O linfoma maligno deve ser identificado com as seguintes doenças:
1. Linfadenite crônica: infecções mais evidentes, e muitas vezes linfadenopatia focal, dor e sensibilidade, geralmente não mais de 2 ~ 3cm, pode ser reduzida após o tratamento anti-infeccioso, clinicamente diagnosticada como linfoma maligno Algumas crianças apresentam episódios repetidos de tonsilite, devido à bacteremia causada por linfadenopatia superficial, a palpação das amígdalas é geralmente mais macia do que o linfoma maligno invadindo as amígdalas, às vezes expulsando pus, essas crianças Os linfonodos freqüentemente estão inchados pela febre, e encolhem após a retirada do calor.Eles podem existir por muitos anos sem desenvolvimento, mas estes não podem ser considerados absolutos.Alguns linfomas malignos, especialmente a DH, também podem ter febre periódica e linfadenomegalia.
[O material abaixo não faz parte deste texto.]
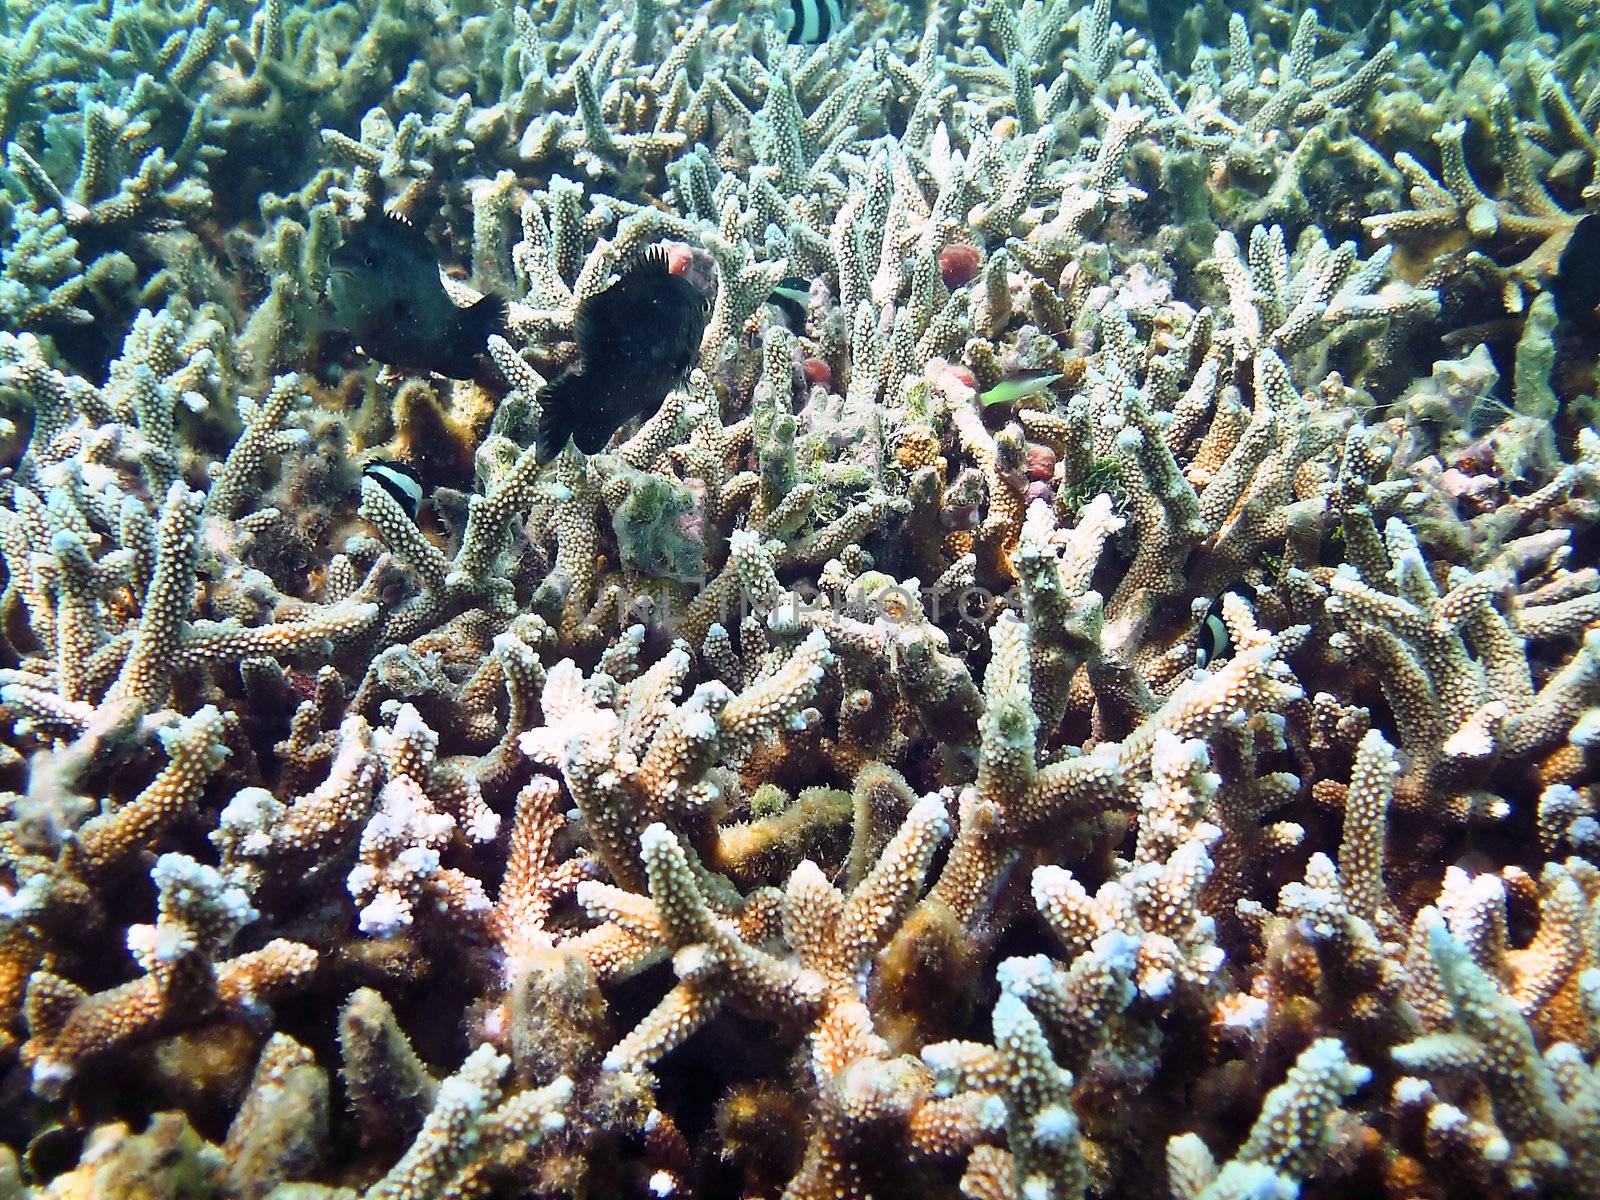 Tropical fish kingdom - coral reef in the maldivian sea

História grande e estreita, por isso deve ser considerada de forma abrangente.
Porque muitas pessoas sofrem de pé de atleta, linfadenopatia inguinal, especialmente os linfonodos planos de longa duração e inalterados, não há significância significativa, mas não há causa óbvia de linfonodos trocleares ou pescoço, supra-sacral bilateral, deve prestar atenção para Embora não seja certo que seja um linfoma maligno, ele pelo menos marca uma doença sistêmica do tecido linfoide, que deve ser examinada para determinar a natureza.
2. Hiperplasia linfonodal gigante: aumento inexplicável dos linfonodos, invadindo principalmente a cavidade torácica, com maior mediastino, podendo também invadir o hilo e o pulmão, sendo que outras partes afetadas possuem pescoço e retroperitônio. , cavidade pélvica, axilas e tecidos moles, os pacientes muitas vezes com nódulos como seus sinais, aqueles no peito podem aparecer sintomas de compressão, mas muitas vezes encontrados, há febre, anemia e proteína plasmática sintomas sistêmicos aumentados, após o tumor é removido, os sintomas desaparecem Às vezes, é difícil distinguir entre linfoma maligno e lesões pulmonares com base no exame de raios X. O exame de gálio (Ga) às vezes é útil para o diagnóstico, especialmente para a identificação de fibrose pulmonar e invasão pulmonar causada por radioterapia.
3. As manifestações patológicas e clínicas da HD e NHL têm características diferentes: essas características são relativas e apenas para referência clínica.